Weierstrass Elliptic Positional Encoding Improves Vision Transformers
A recent preprint on arXiv (2605.23719) presents Weierstrass elliptic Positional Encoding (WePE) designed for Vision Transformers (ViTs). Traditional ViTs rely on learnable one-dimensional positional encodings, which do not effectively maintain the two-dimensional spatial arrangement of images once patch flattening occurs. WePE resolves this issue by projecting normalized 2D patch coordinates onto the complex plane and creating compact four-dimensional positional features based on the Weierstrass elliptic function and its derivative. The function's double periodicity offers a systematic representation of 2D positions, ensuring a consistent relationship between Euclidean spatial distances and sequential index distances. This mathematically sound approach seeks to improve ViTs' capacity to utilize spatial proximity priors, a feature often lacking in current encodings due to inadequate geometric constraints.
Key facts
- arXiv preprint 2605.23719 proposes Weierstrass elliptic Positional Encoding (WePE) for Vision Transformers.

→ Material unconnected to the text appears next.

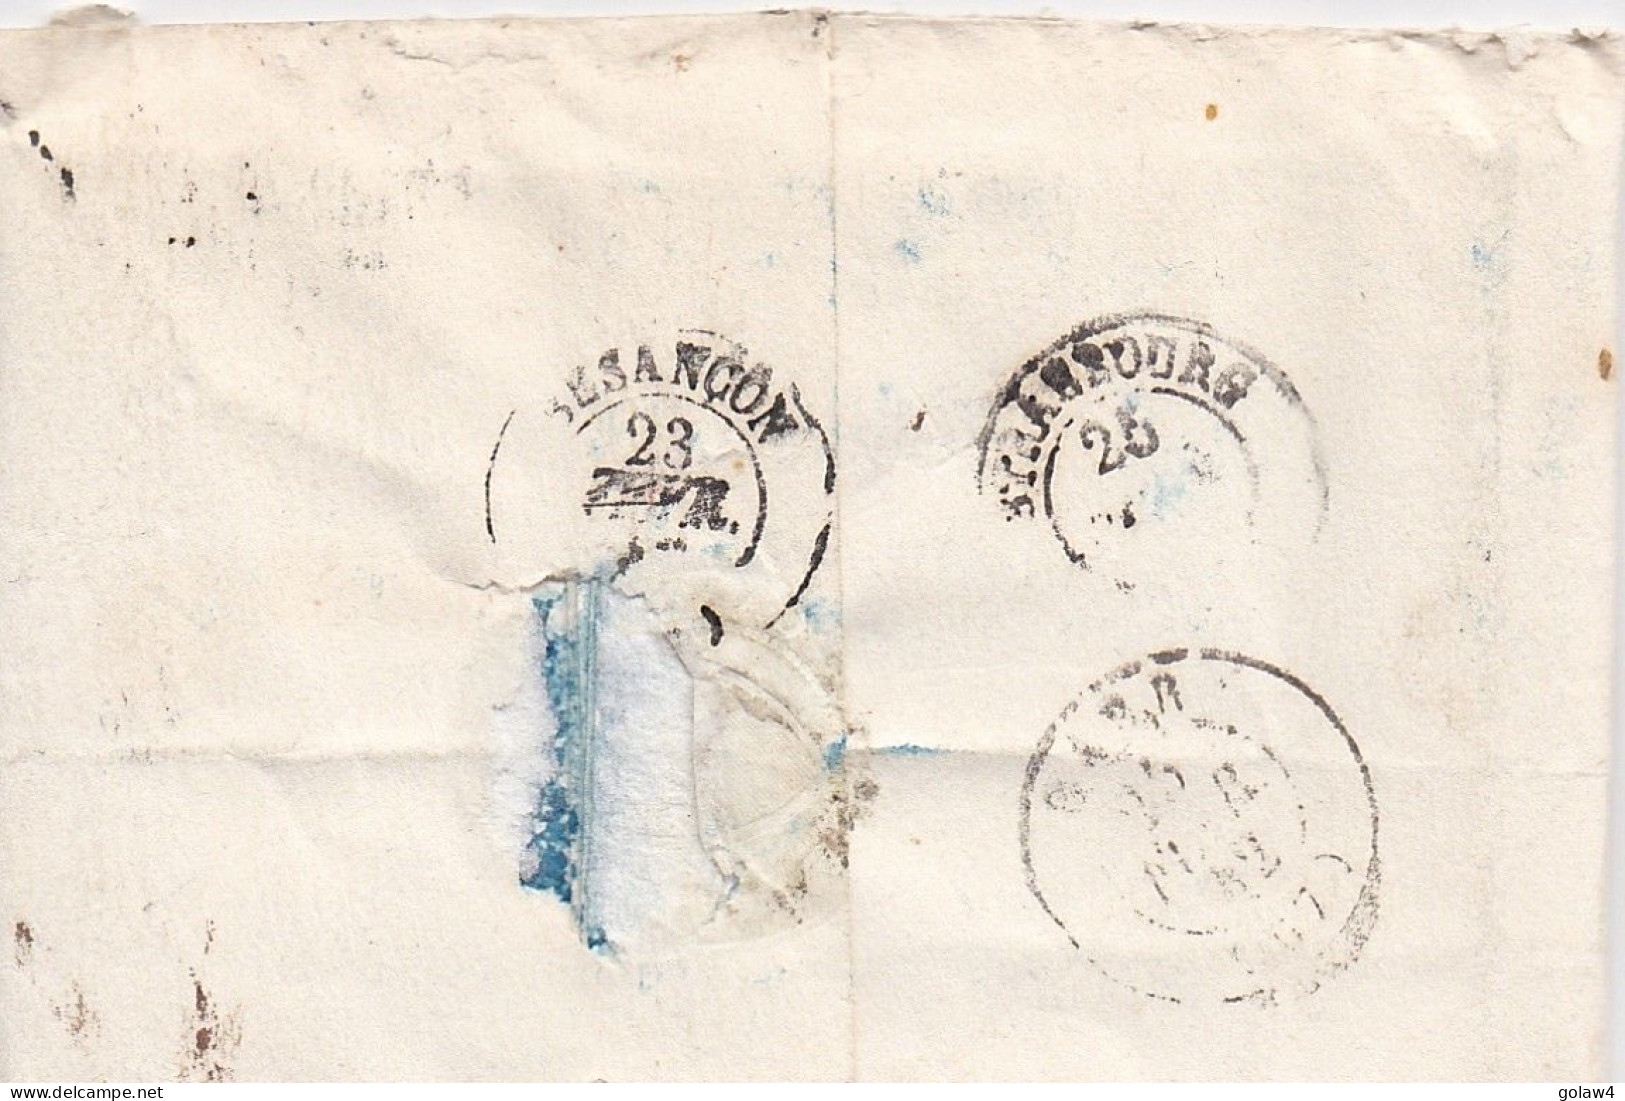 35059# LETTRE Obl LUTRY 22 Février 1842 Pour BARR BAS RHIN ALSACE MARQUES D'ECHANGE Via BESANCON DOUBS STRASBOURG - ...-1845 Préphilatélie

- Current ViTs use learnable one-dimensional positional encodings that weaken 2D spatial structure.
- WePE maps normalized 2D patch coordinates onto the complex plane.
- WePE constructs four-dimensional positional features using the Weierstrass elliptic function and its derivative.

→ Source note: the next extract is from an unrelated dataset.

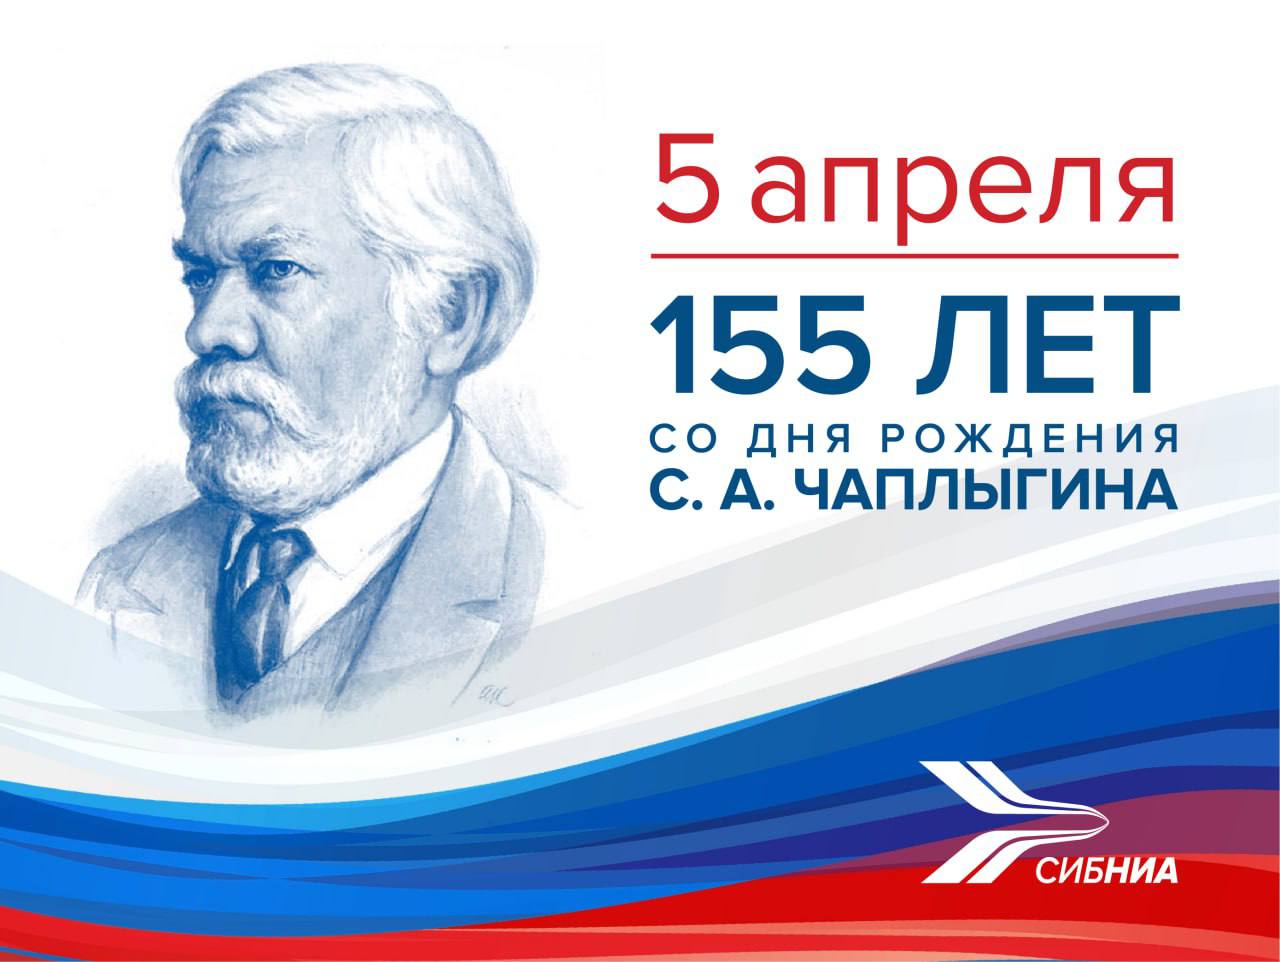 Поздравление директора СибНИА к 155-летию со дня рождения Сергея Алексеевича Чаплыгина

- Double periodicity provides a principled representation of 2D positions.
- WePE maintains monotonic relationship between Euclidean distances and sequential index distances.
- Existing positional encodings lack geometric constraints and spatial proximity priors.
- The method is mathematically grounded and motivated by periodicity in positional encoding.
Entities
Institutions
- arXiv